With pictures left out, output exactly the lines of the listing below from the line that has "Das Sideboard Elmer" to the line that has "Κουτσονίκας, Κ. Σαρρή", both lines kept.
[Opening MATERIAL FOR THE TASK section]
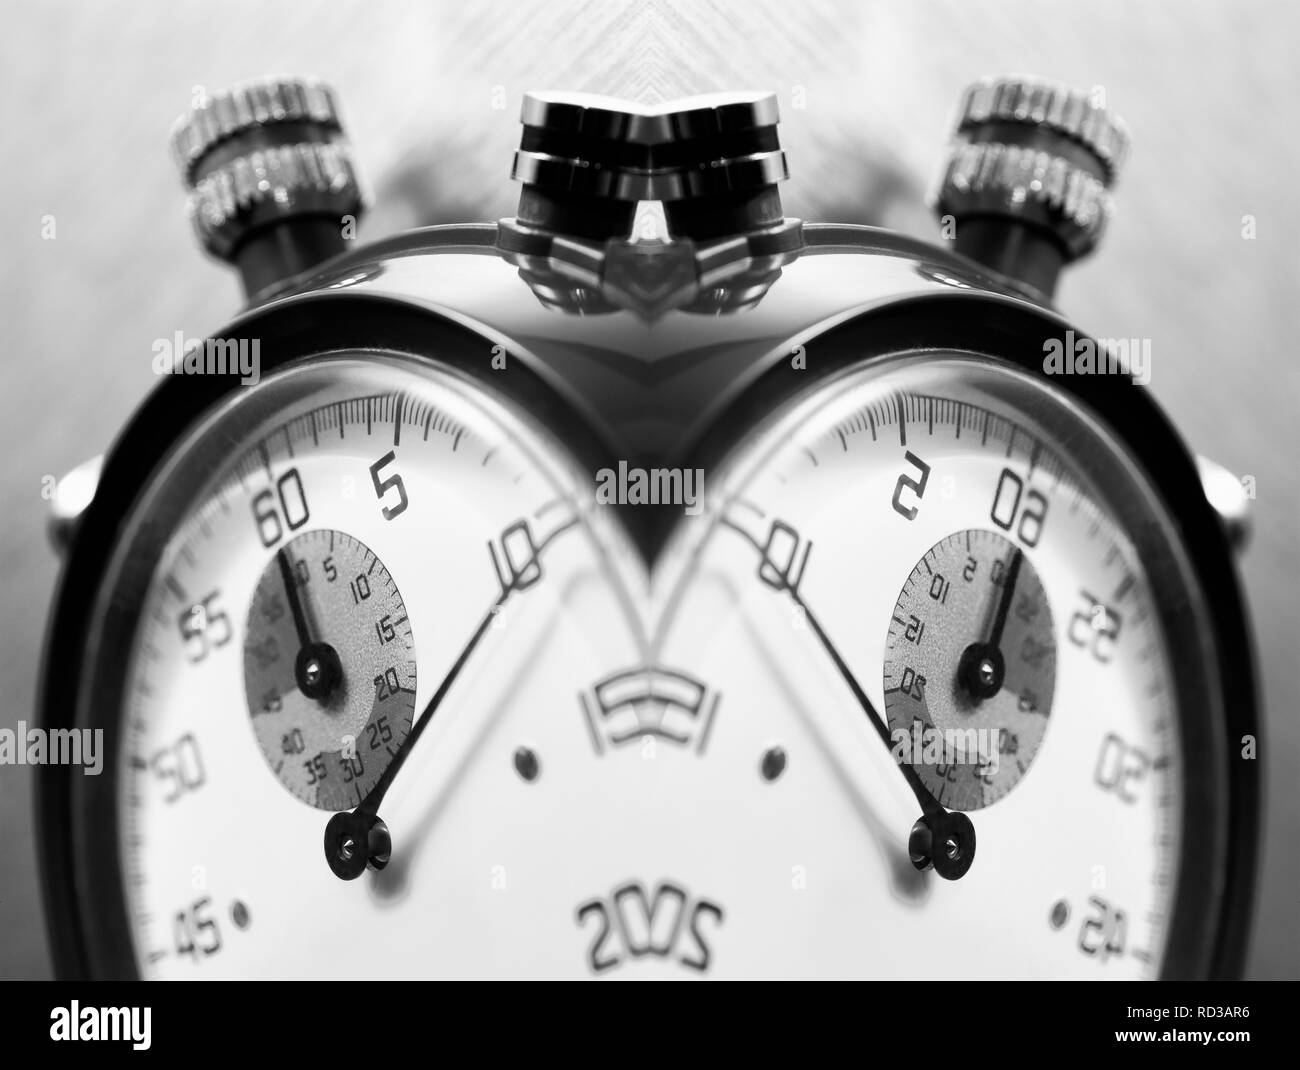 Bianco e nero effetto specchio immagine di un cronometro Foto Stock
[Closing MATERIAL FOR THE TASK section]
[Opening MATERIAL FOR THE TASK section]
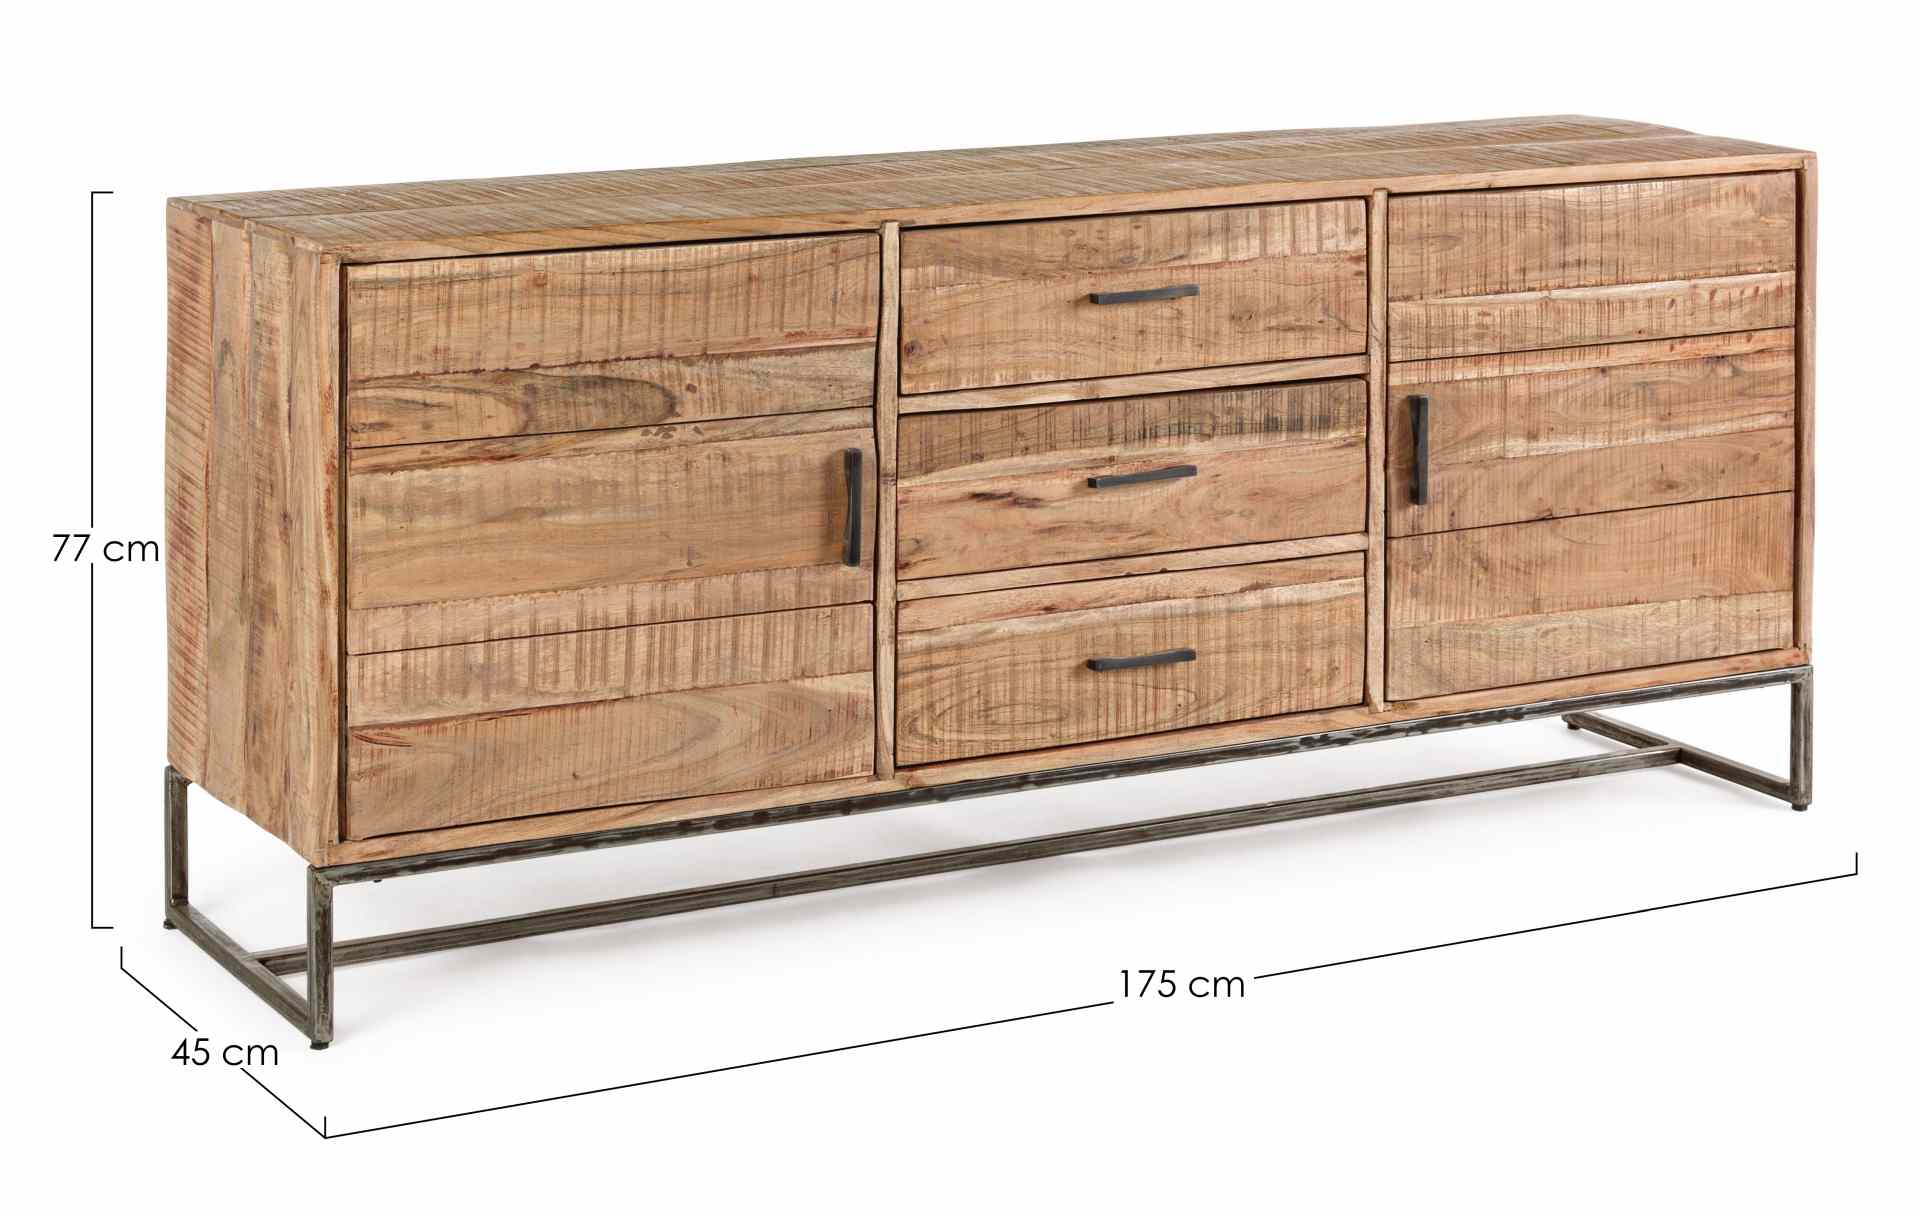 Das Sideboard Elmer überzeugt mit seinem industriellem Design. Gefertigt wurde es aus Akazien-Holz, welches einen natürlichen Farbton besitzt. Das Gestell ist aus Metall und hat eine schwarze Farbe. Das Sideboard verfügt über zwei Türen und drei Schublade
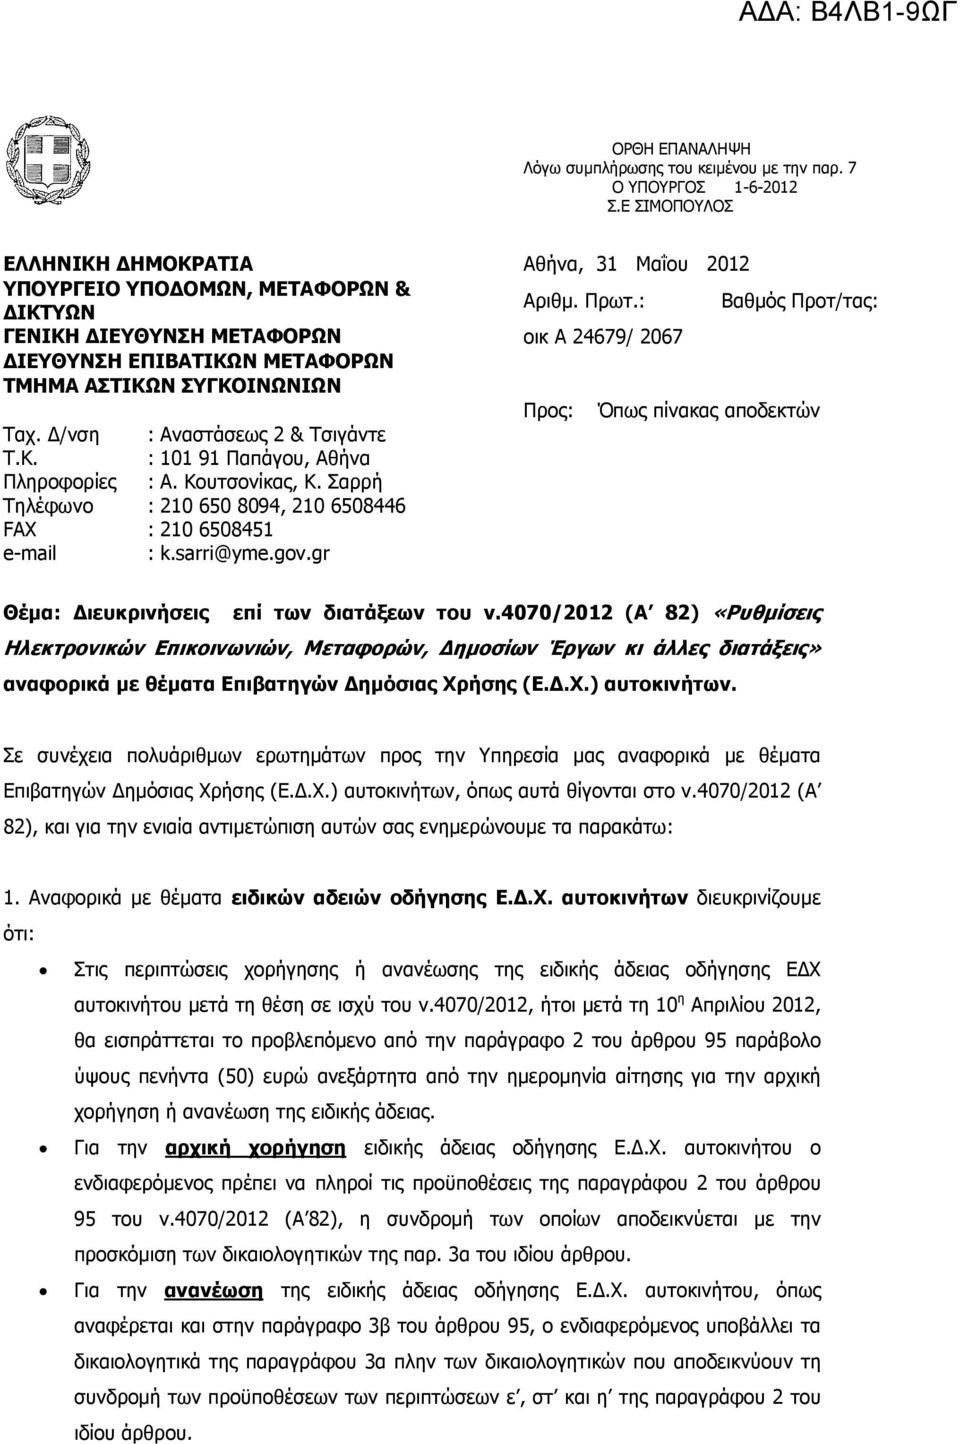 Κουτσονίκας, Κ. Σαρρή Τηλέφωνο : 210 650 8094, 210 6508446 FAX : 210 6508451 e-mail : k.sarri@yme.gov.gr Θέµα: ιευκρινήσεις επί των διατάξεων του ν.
[Closing MATERIAL FOR THE TASK section]
→ SOLUTION TO THIS TASK
 Das Sideboard Elmer überzeugt mit seinem industriellem Design. Gefertigt wurde es aus Akazien-Holz, welches einen natürlichen Farbton besitzt. Das Gestell ist aus Metall und hat eine schwarze Farbe. Das Sideboard verfügt über zwei Türen und drei Schublade
 Κουτσονίκας, Κ. Σαρρή Τηλέφωνο : 210 650 8094, 210 6508446 FAX : 210 6508451 e-mail : k.sarri@yme.gov.gr Θέµα: ιευκρινήσεις επί των διατάξεων του ν.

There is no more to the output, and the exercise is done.